* Requirement *
Once you reach the line with "Bô Noël 2019 les Flottins", copy it and every line after it exactly, up to the end of the data. Omit the pictures.

* Information provided *
+ + + + + + +

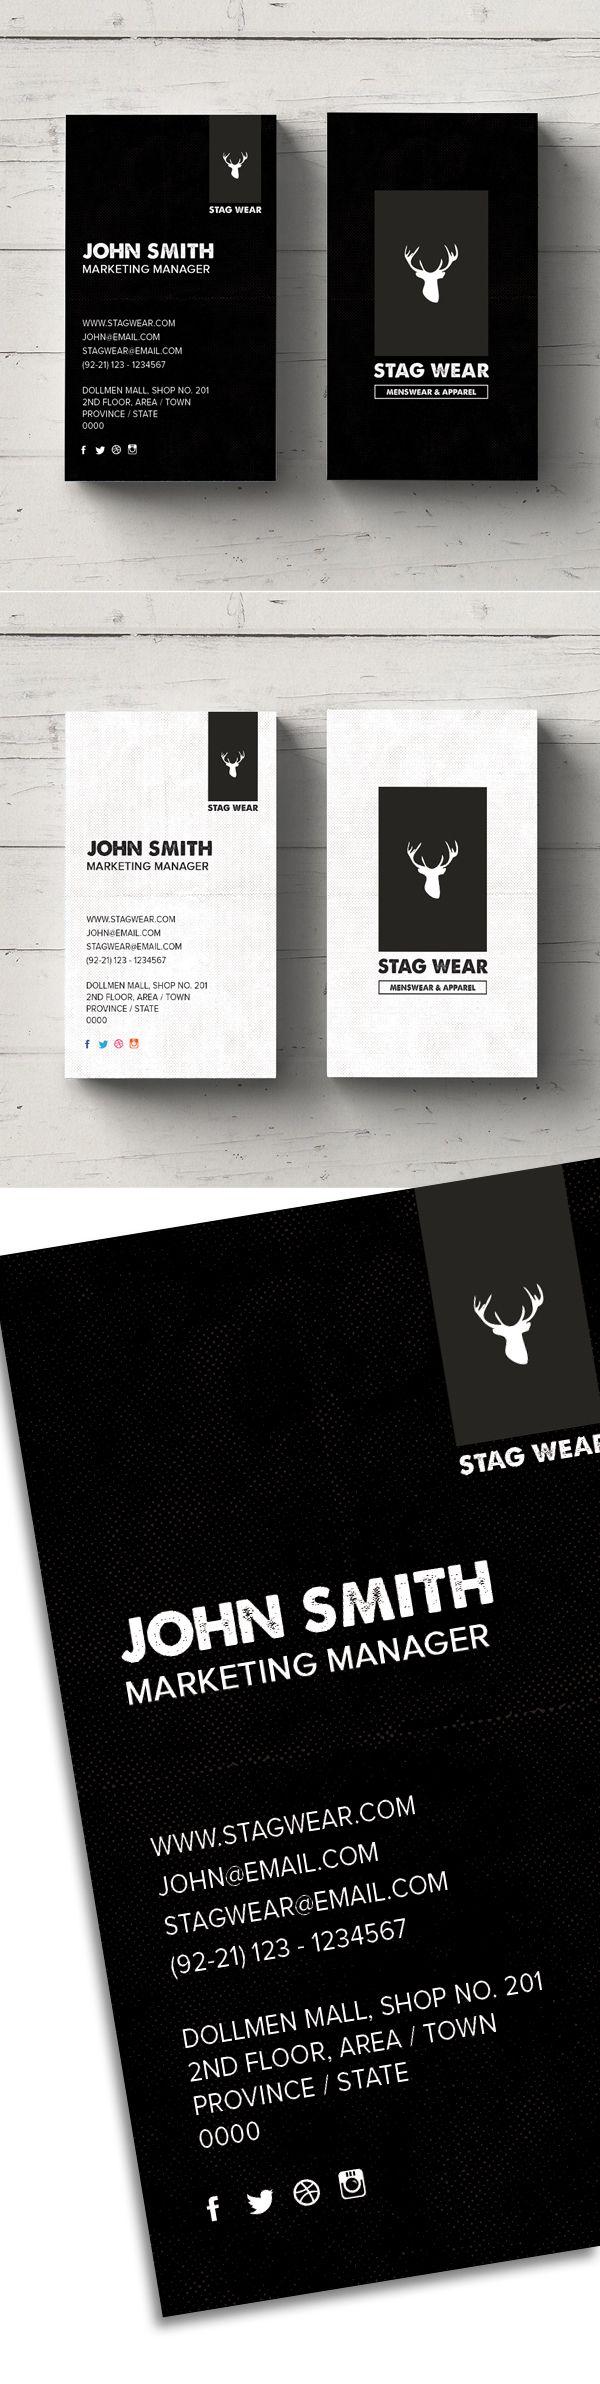 Free Vertical Business Card PSD Template #vertical #black #businesscard #freebusinesscard #freepsdfiles #freebie #minimaldesign #psdtemplate
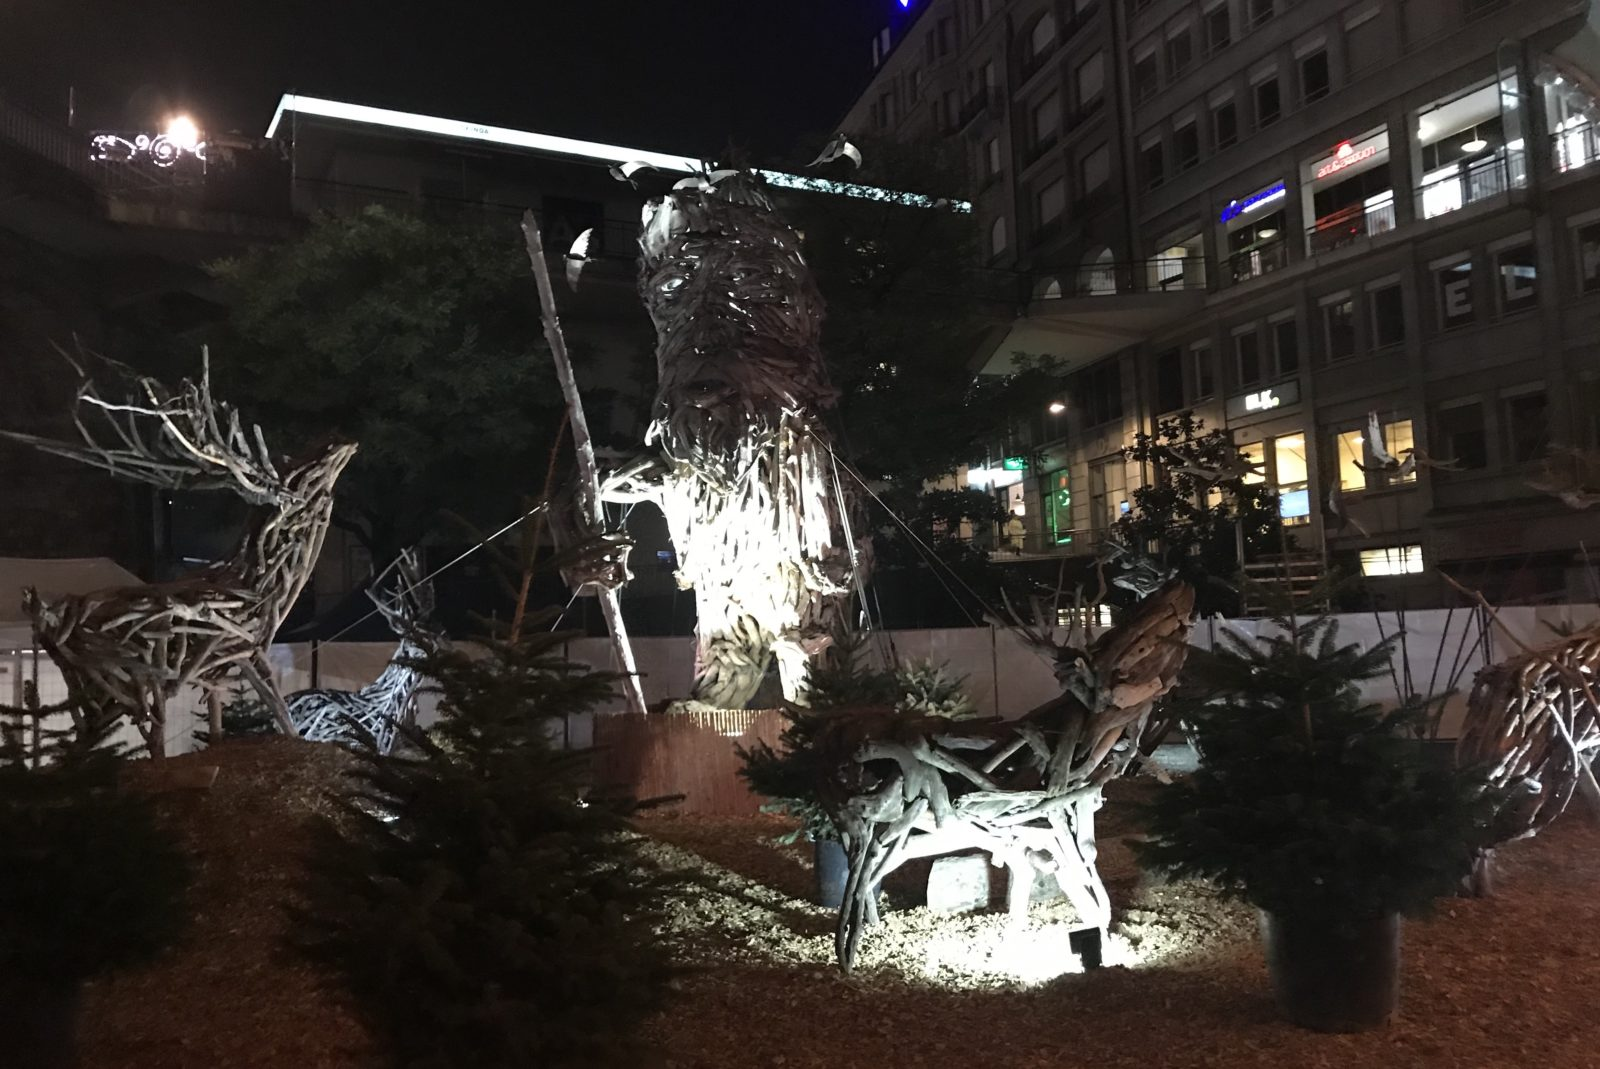 Bô Noël 2019 les Flottins
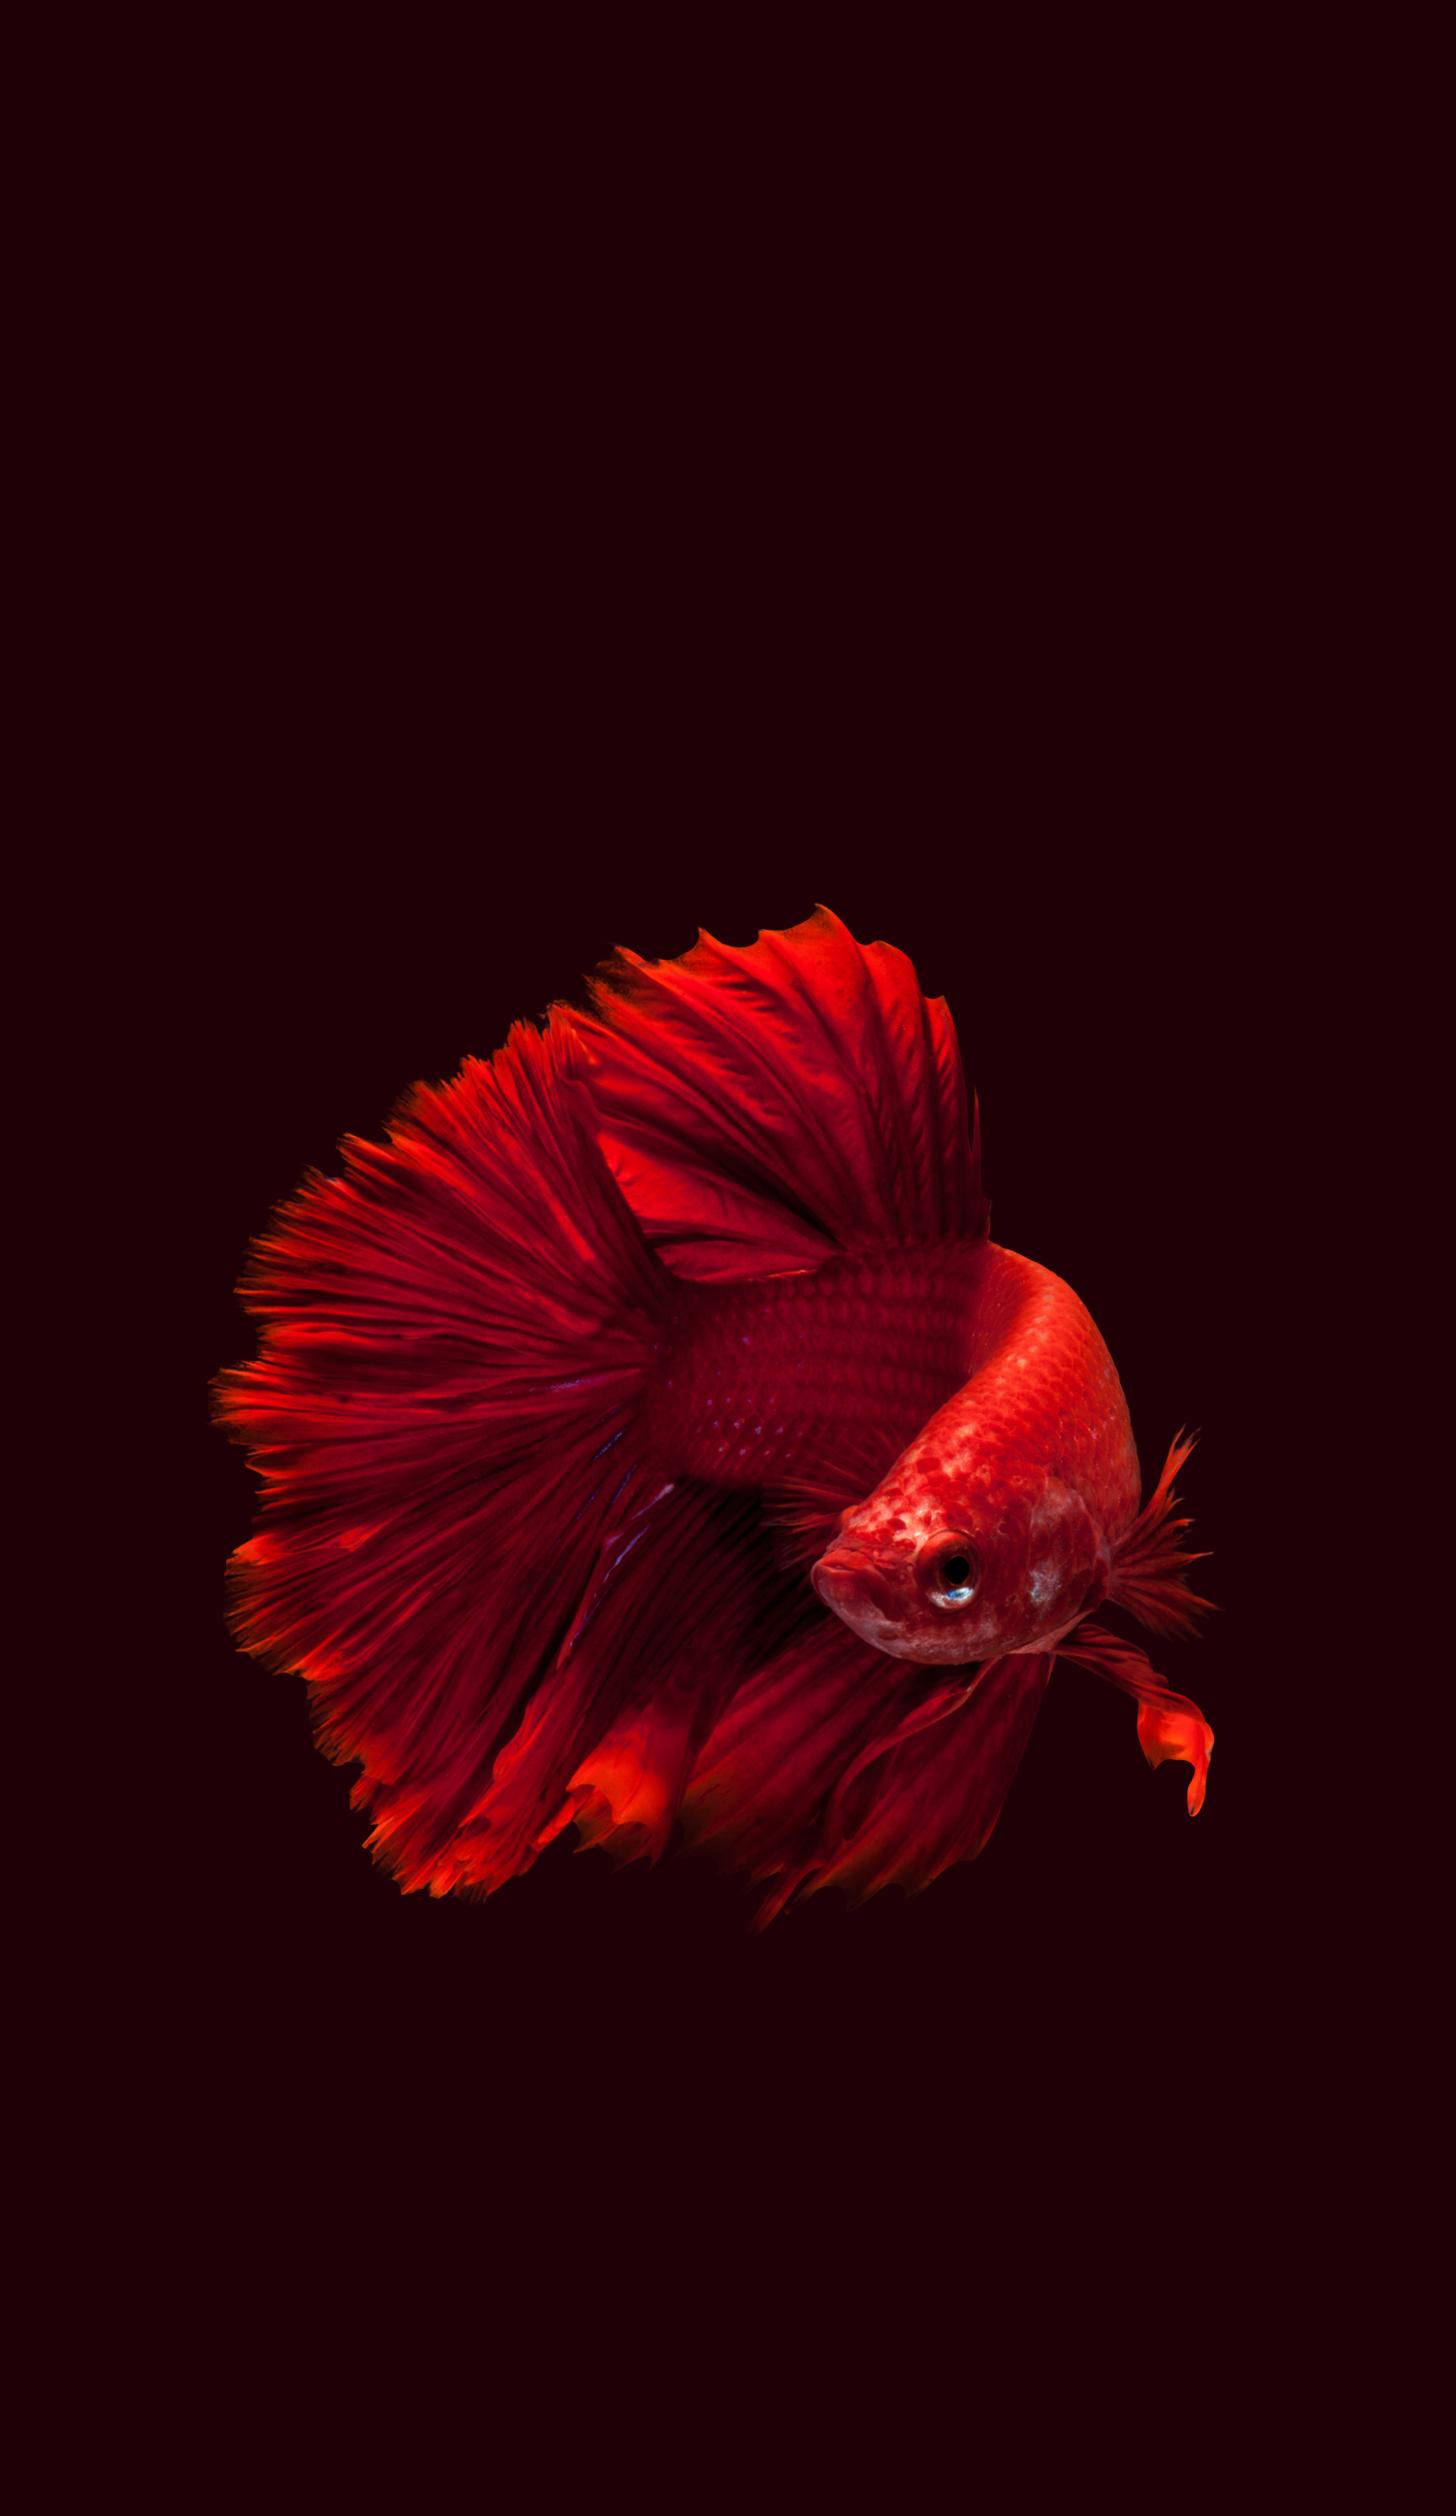 All Animals Wallpaper Dump Fish Wallpaper Siamese Fighting Fish Betta Fish

+ + + + + + +

* Result *
 Bô Noël 2019 les Flottins
 All Animals Wallpaper Dump Fish Wallpaper Siamese Fighting Fish Betta Fish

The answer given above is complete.